**Instructions to follow**. Locate every line in the records below that holds the word "step" and return each one.

**Supplied data**.
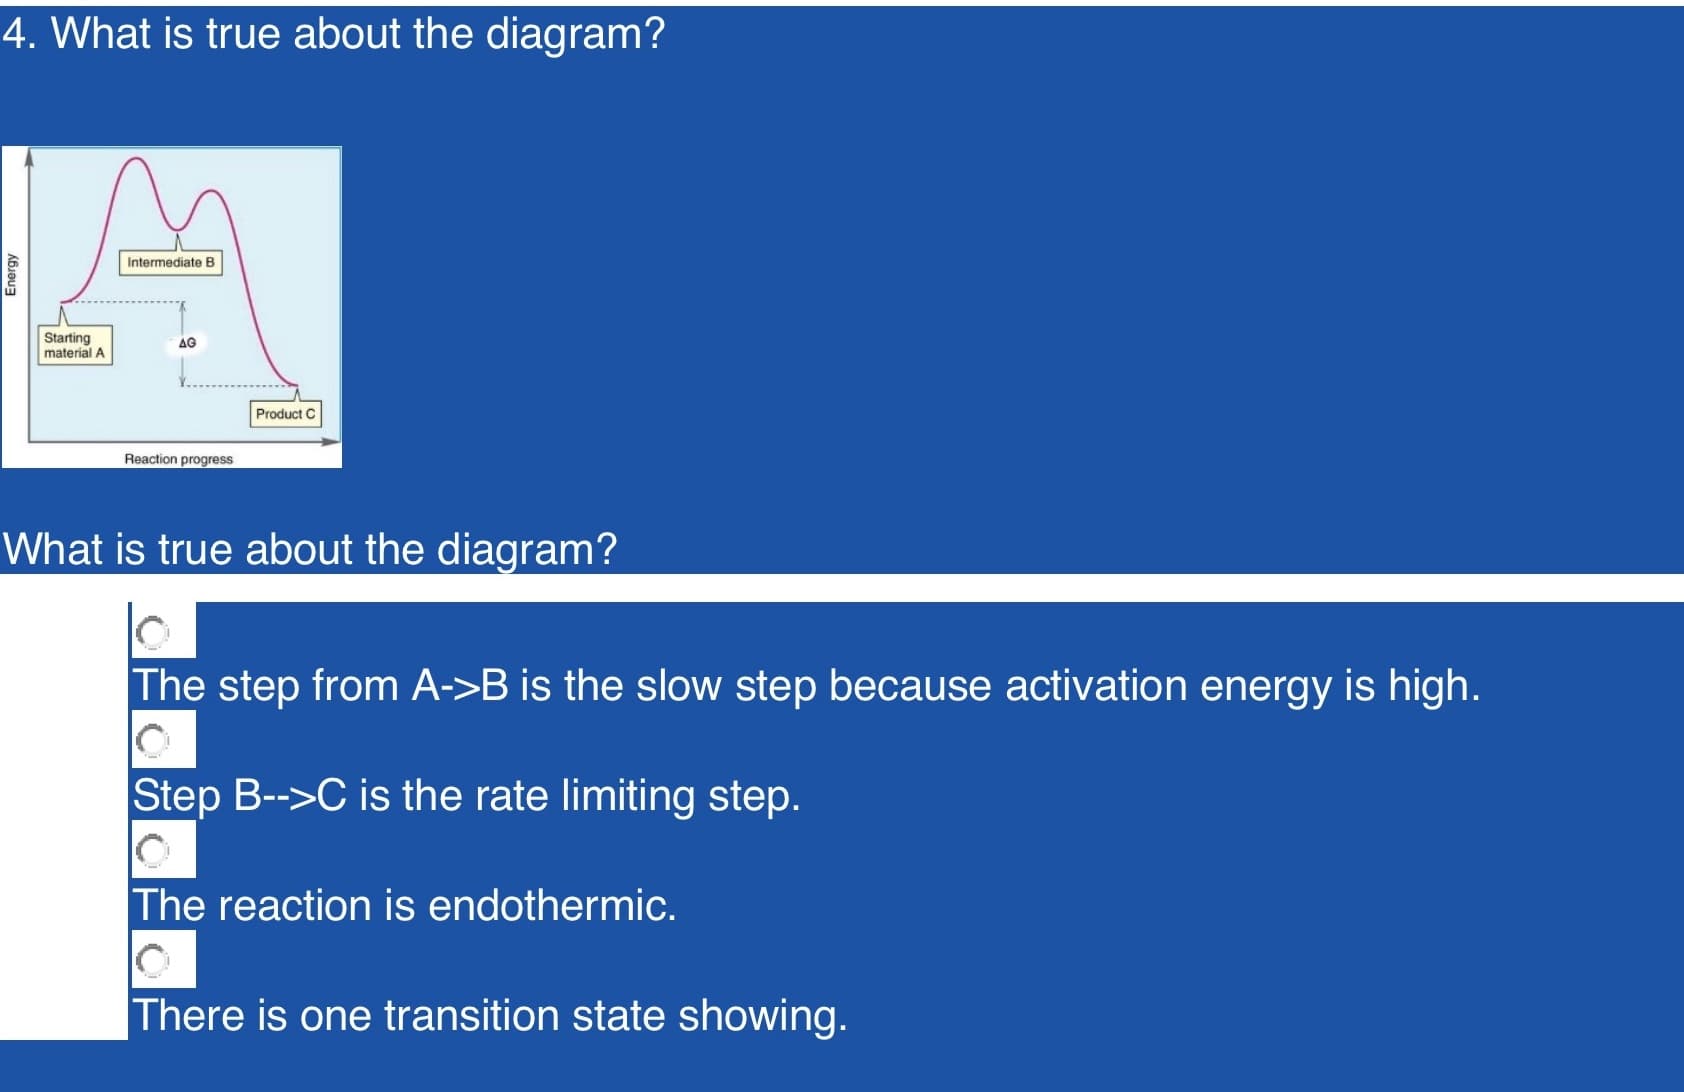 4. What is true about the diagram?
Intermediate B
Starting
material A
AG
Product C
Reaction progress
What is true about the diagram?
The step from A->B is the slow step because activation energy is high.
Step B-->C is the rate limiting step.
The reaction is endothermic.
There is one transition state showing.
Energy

**Answer to the problem**.
The step from A->B is the slow step because activation energy is high.
Step B-->C is the rate limiting step.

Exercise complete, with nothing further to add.